RNA isolation for RNA sequencing (RNA-seq) analyses was performed using TRIZOL reagent (Invitrogen). The whole transcriptome libraries for costunolide and DMSO-treated cells (n = 3) were prepared with the SOLiD TM Whole Transcriptome Analysis Kit (Applied Biosystems, Carlsbad, CA, USA) and paired-end sequencing was conducted on an Illumina HiSeq system using PE150 strategy. The reads were aligned against the human reference genome (H. sapiens, GRCh38) and TMM normalization method was used for data normalization (R/Bioconductor package edgeR). Limma package and Student’s t-test were used for statistical analysis of the mean expression values between costunolide and DMSO-treated lung cancer cell lines (n = 3). KEGG and Reactome analysis were conducted by KOBAS3.0 (kobas.cbi.pku.edu.cn/kobas3 (accessed on 13 July 2023)) [41], and pathways with p-value < 0.05 were considered to be significantly enriched in the annotation categories.
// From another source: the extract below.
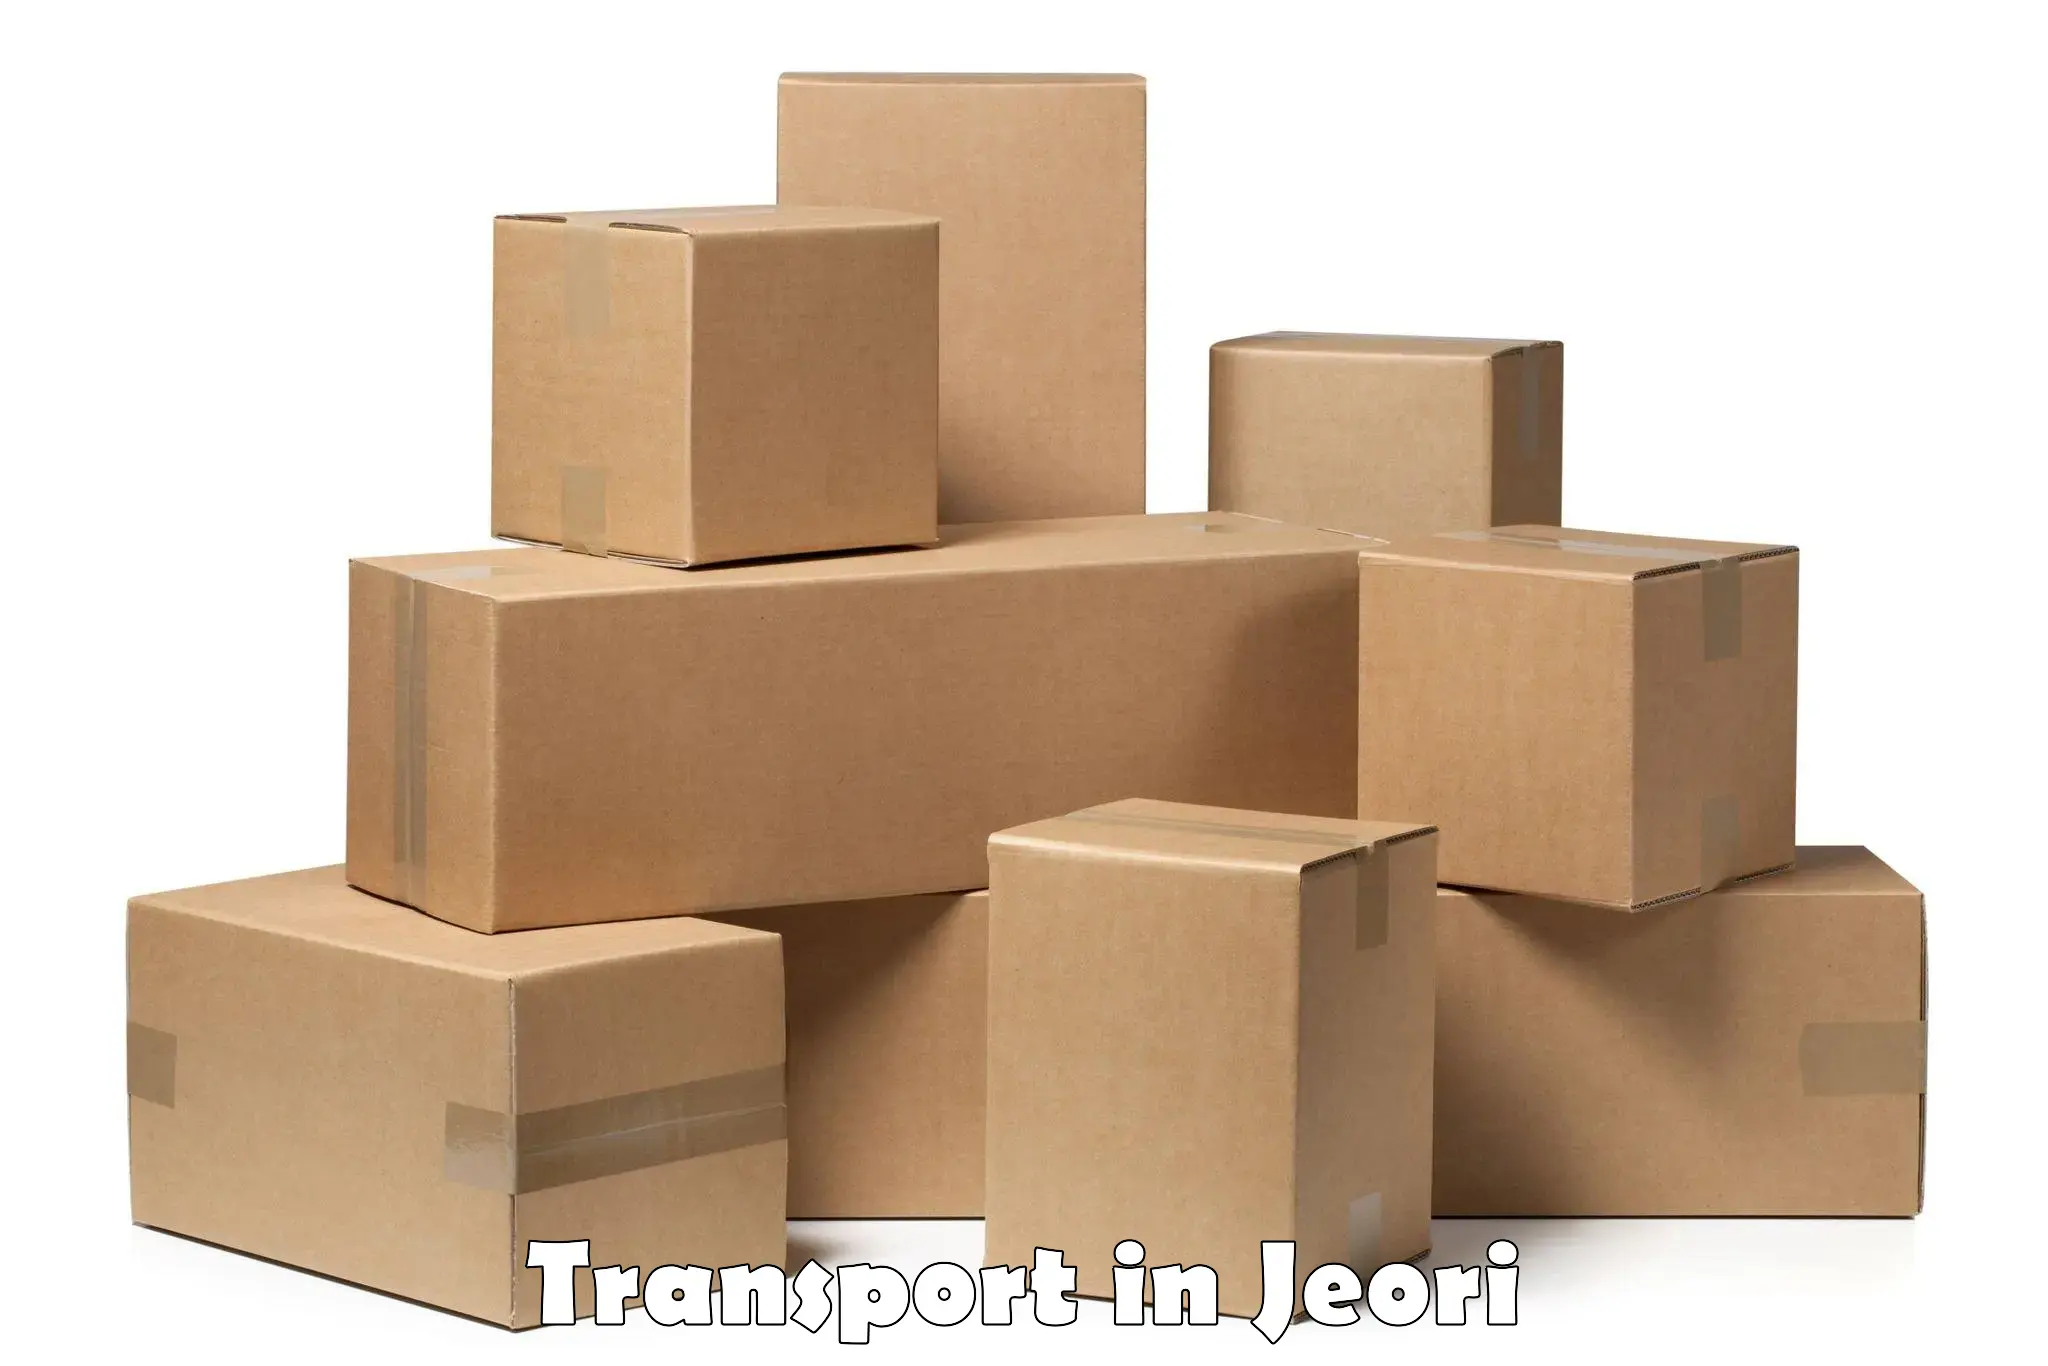 Inland transportation services in Jeori

4.13. Statistical Analysis

All experimental data in the figures are shown as the mean ± SD. The statistical significance of Kaplan–Meier survival plot was determined by log-rank analysis. The other statistical significance was detected by t-test. All of the statistical analyses were performed in GraphPad Prism 8.3.0. * p < 0.05, ** p < 0.01, *** p < 0.001, and **** p < 0.0001; ns means non-significant. All experiments were repeated at least three times.

5. Conclusions

Our findings demonstrate a potential oncogenic role for DDX18 in LUAD. Analysis of TCGA and GEO databases revealed significant upregulation of DDX18 in LUAD tissues, and this upregulation correlated with poor patient survival. Functional studies confirmed that DDX18 knockdown in LUAD cells impedes cell growth, while overexpression in Beas-2B cells promotes proliferation. RNA-seq identified the cell cycle pathway as significantly dysregulated upon DDX18 depletion. Flow cytometry analysis further revealed G1 cell cycle arrest in DDX18 knockdown cells, accompanied by downregulation of the key G1 regulator CDK4. CHIP experiments confirmed DDX18 binding to the CDK4 promoter region. Rescue of CDK4 expression after DDX18 knockdown abrogated the cell cycle arrest phenotype, suggesting DDX18 regulates cell cycle progression via CDK4 expression. Collectively, these data strongly support the potential of DDX18 as a therapeutic target for lung cancer.